### Task to complete:
Restate word for word the section of the entries that opens at the line containing "Som Tam or spicy" and closes at the line containing "Ufa, Улица Максима", both lines kept, pictures dropped.

### Excerpted records:

——

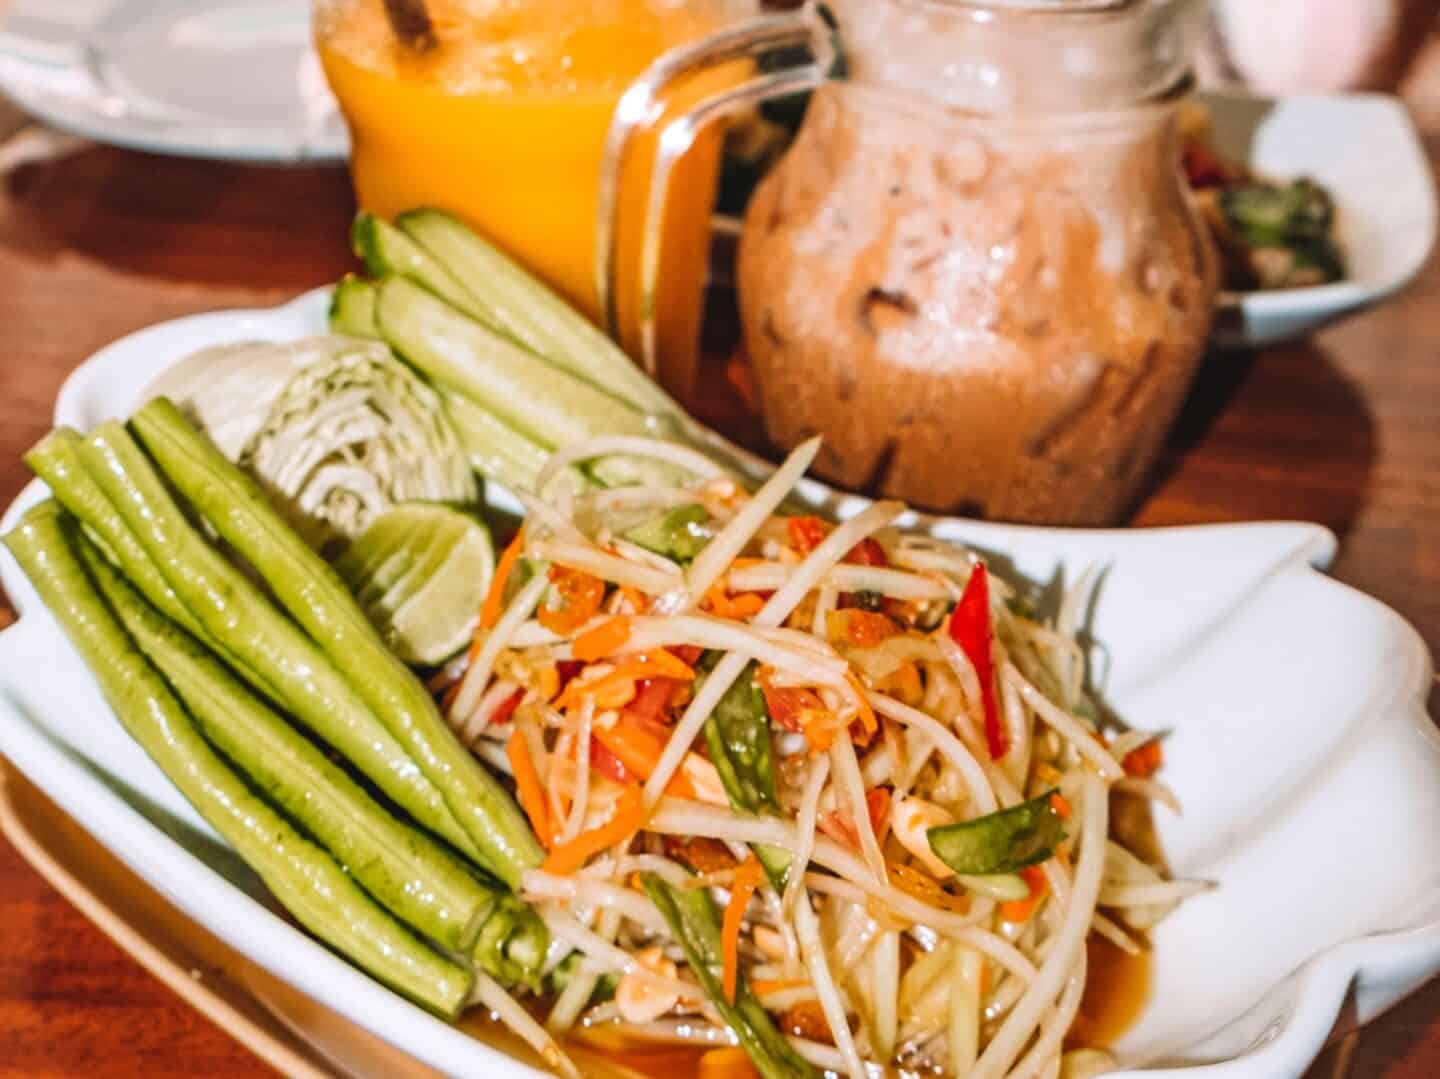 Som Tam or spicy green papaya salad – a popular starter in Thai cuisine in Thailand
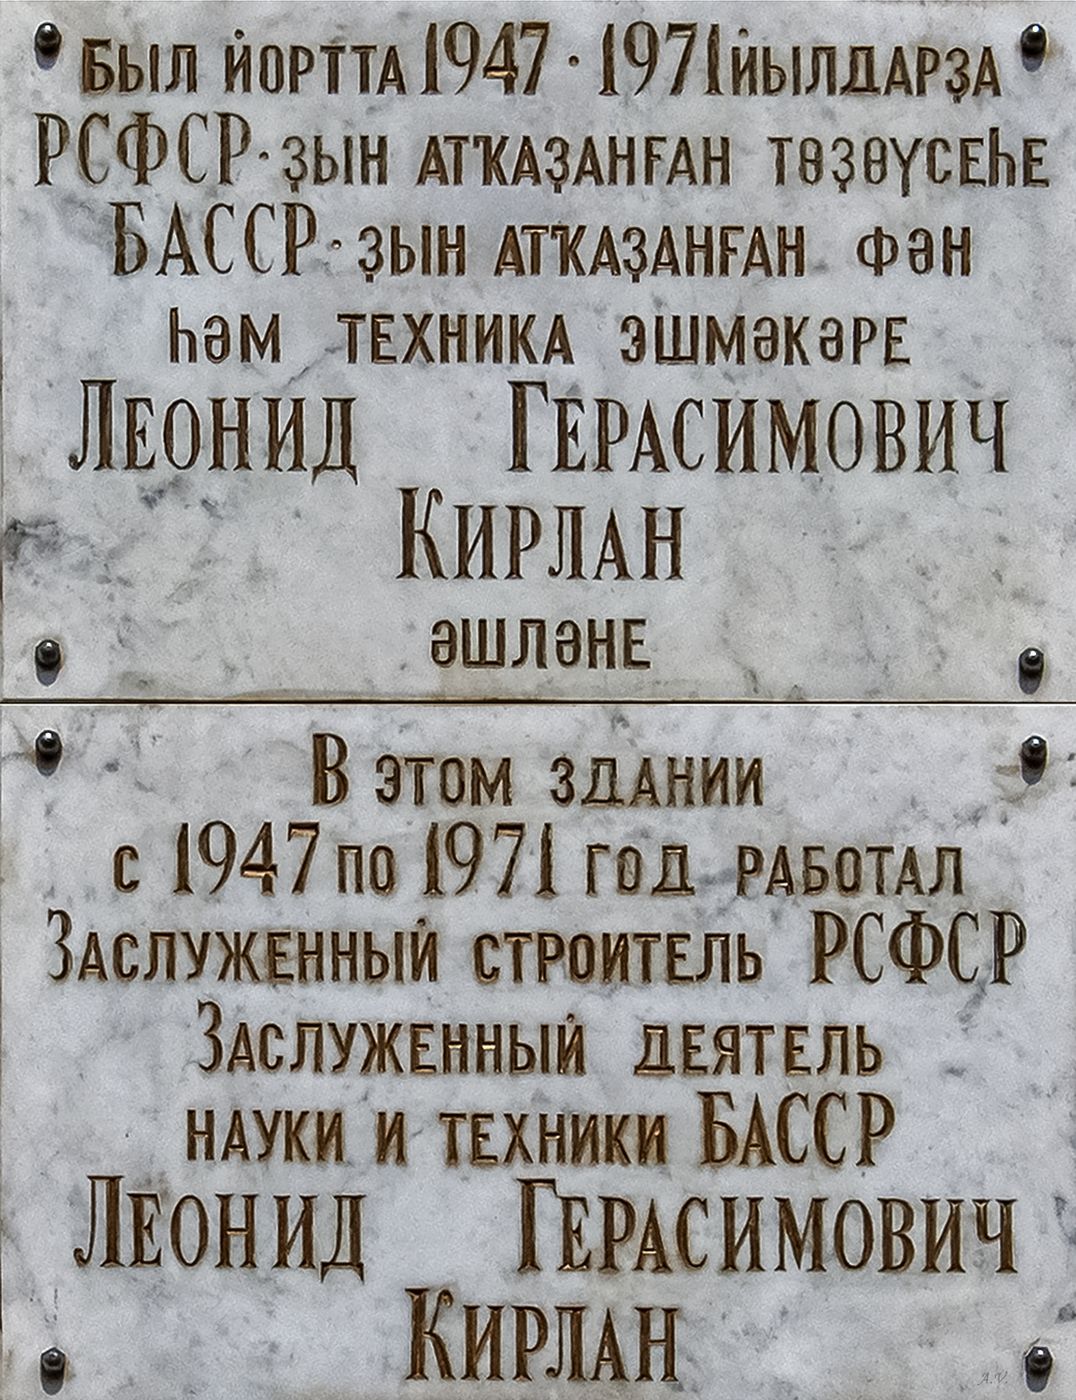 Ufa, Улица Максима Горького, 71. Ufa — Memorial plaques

——

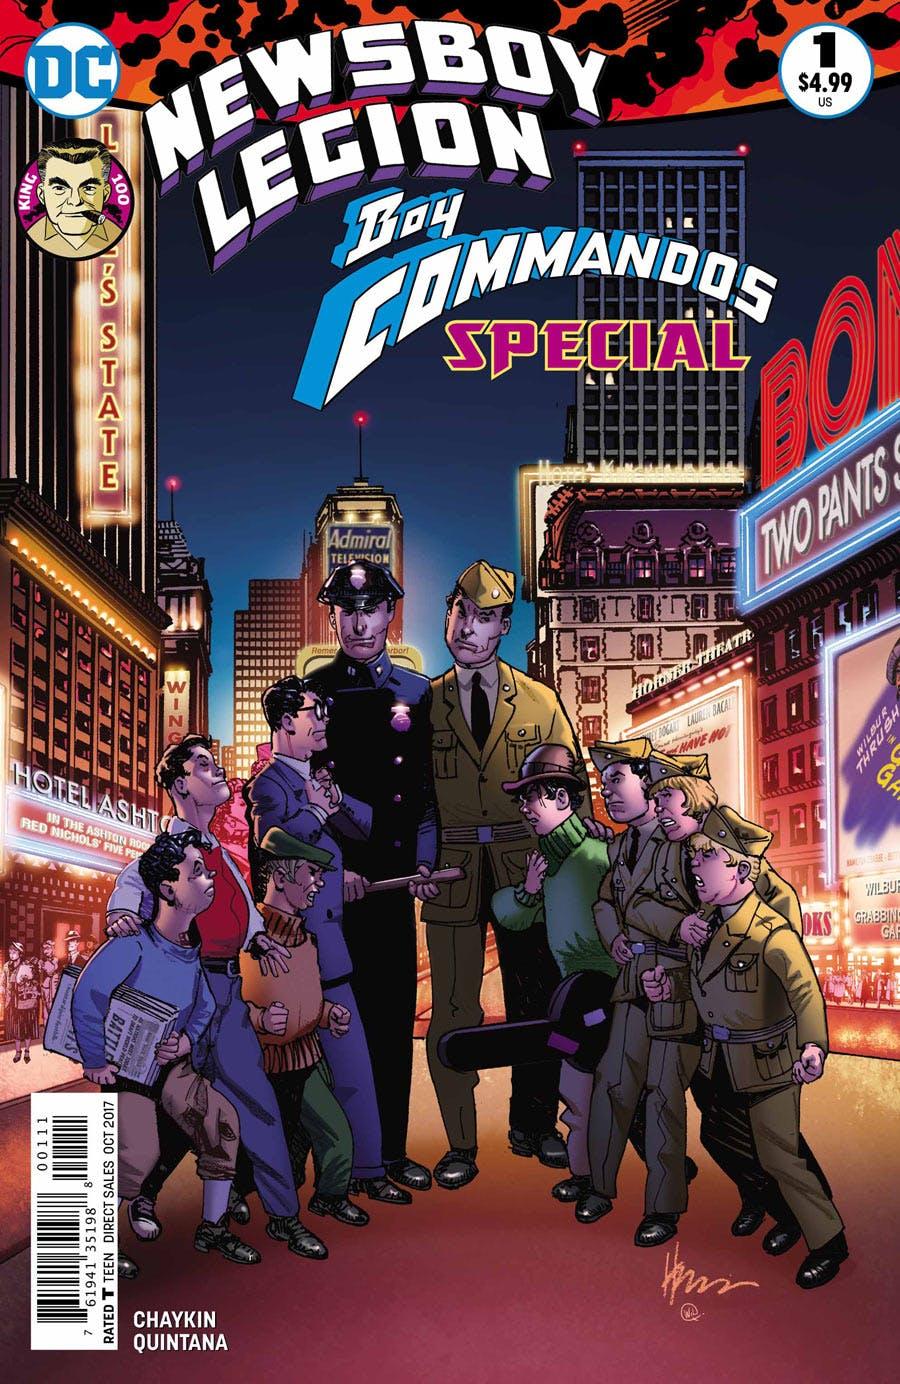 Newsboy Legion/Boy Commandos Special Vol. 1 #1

——

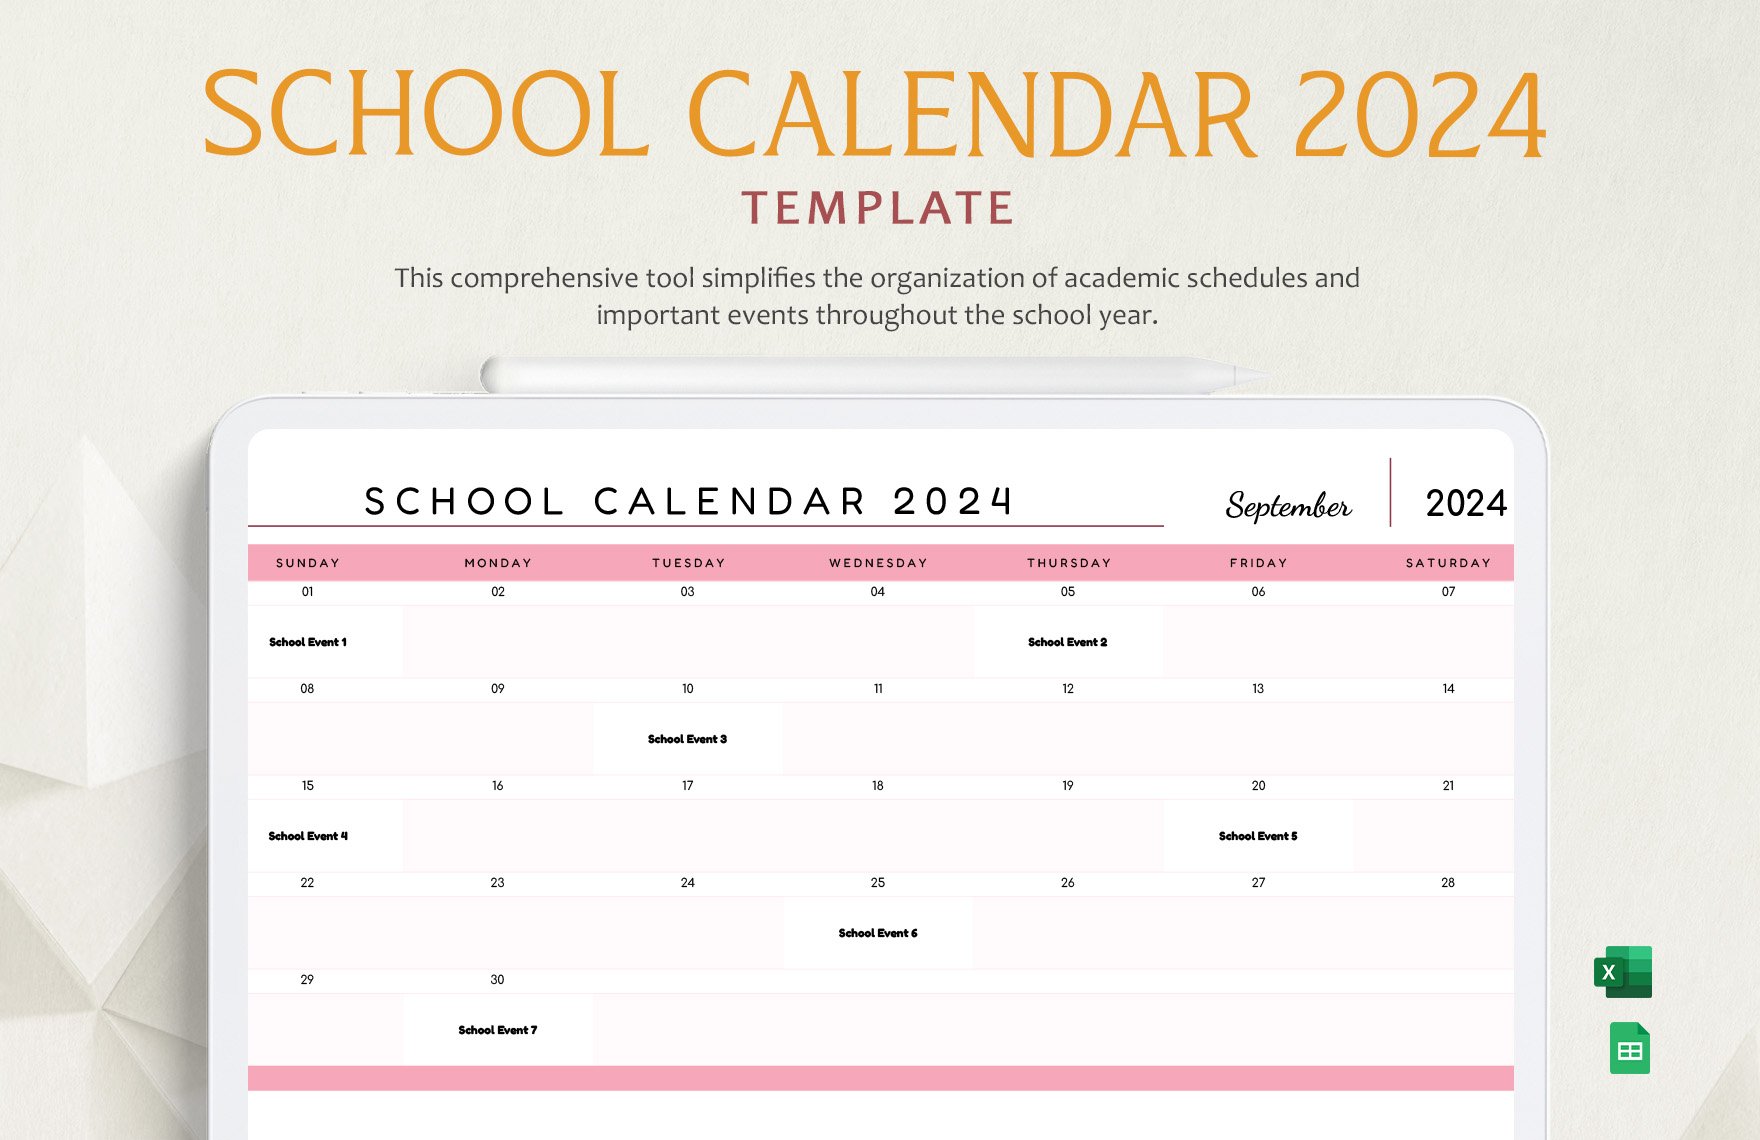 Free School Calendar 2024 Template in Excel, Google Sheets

——

### Answer space:
 Som Tam or spicy green papaya salad – a popular starter in Thai cuisine in Thailand
 Ufa, Улица Максима Горького, 71. Ufa — Memorial plaques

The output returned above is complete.